## [RECORDS FOR THIS TASK]
-- Opening Marker --
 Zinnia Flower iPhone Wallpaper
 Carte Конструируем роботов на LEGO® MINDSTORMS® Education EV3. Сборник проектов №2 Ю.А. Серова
-- Closing Marker --
-- Opening Marker --
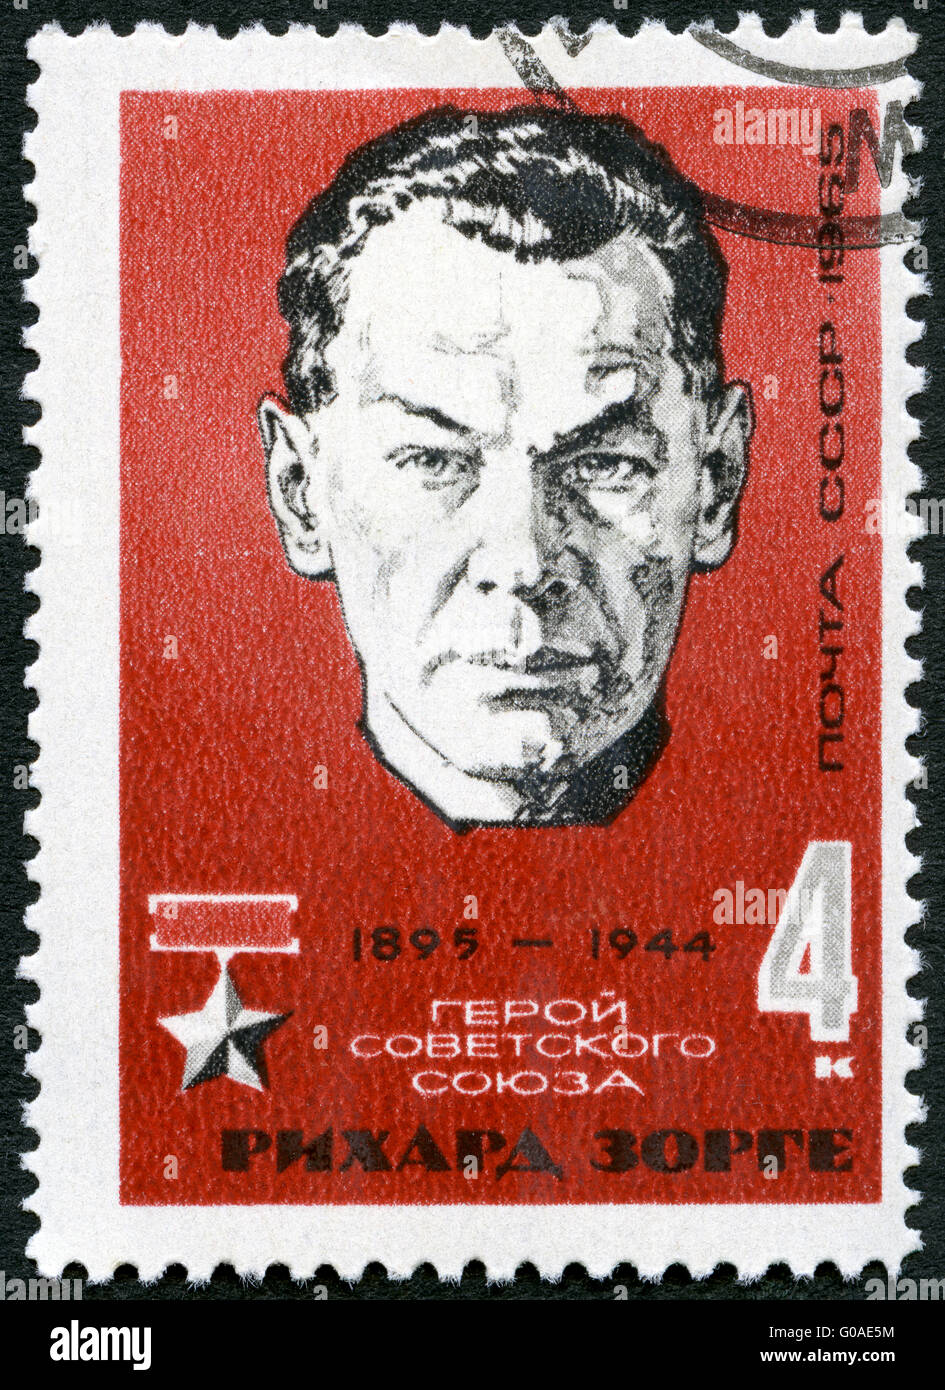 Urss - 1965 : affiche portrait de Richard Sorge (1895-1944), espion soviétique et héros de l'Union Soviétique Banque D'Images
-- Closing Marker --
-- Opening Marker --
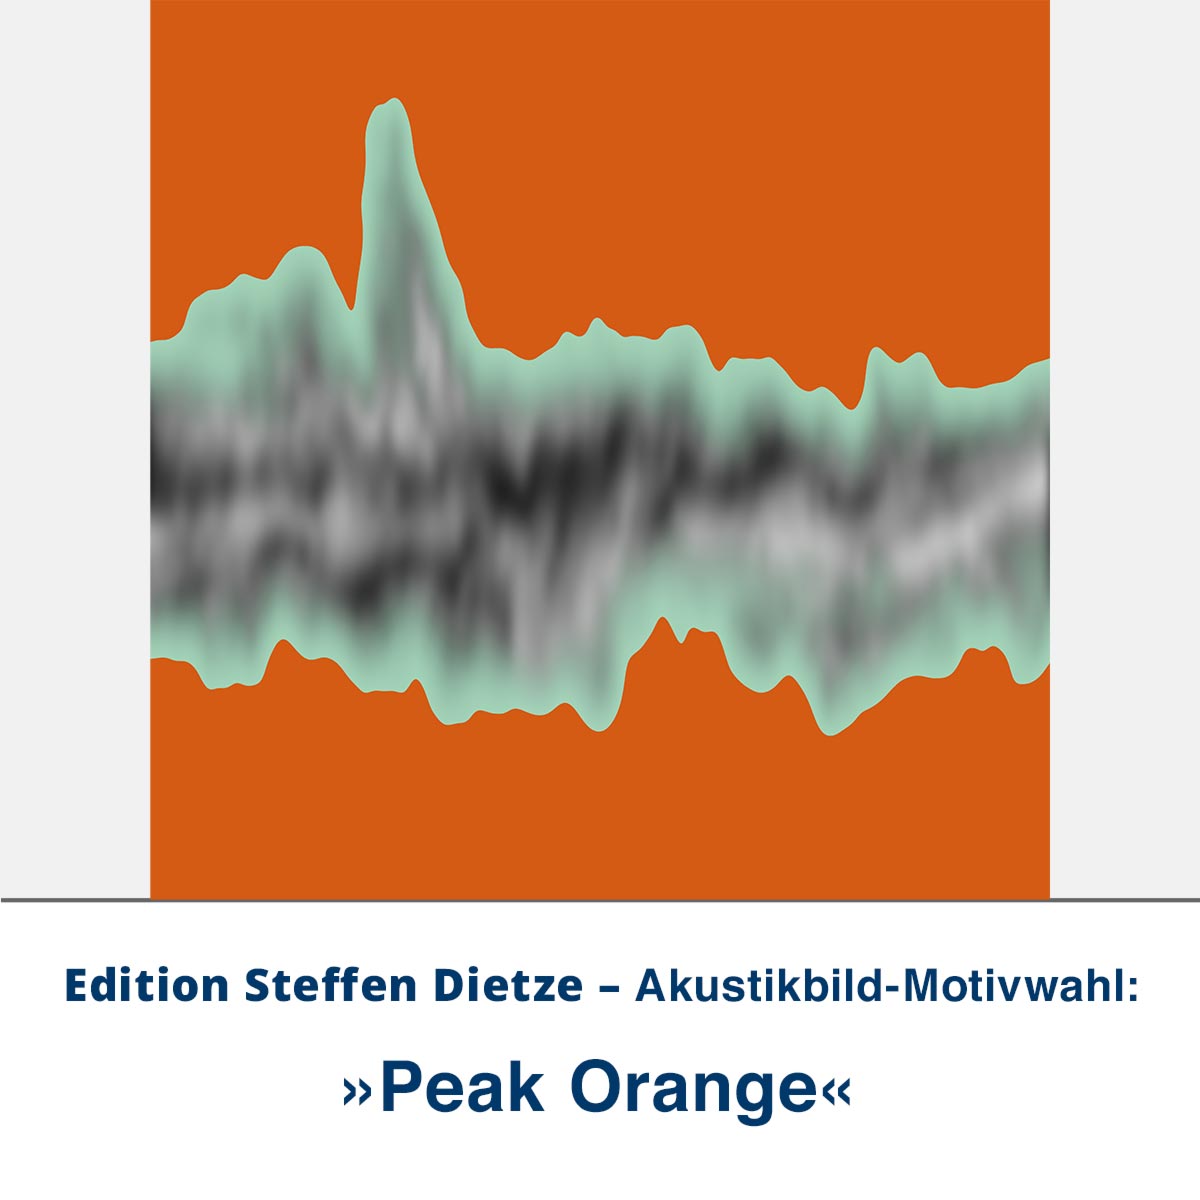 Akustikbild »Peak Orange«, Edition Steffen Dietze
-- Closing Marker --
## [EXERCISE OBJECTIVE]
Write out exactly the lines above between the line with "Zinnia Flower iPhone Wallpaper" and the line with "Carte Конструируем роботов", inclusive, and nothing beyond them.

## [ANSWER BELOW]
 Zinnia Flower iPhone Wallpaper
 Carte Конструируем роботов на LEGO® MINDSTORMS® Education EV3. Сборник проектов №2 Ю.А. Серова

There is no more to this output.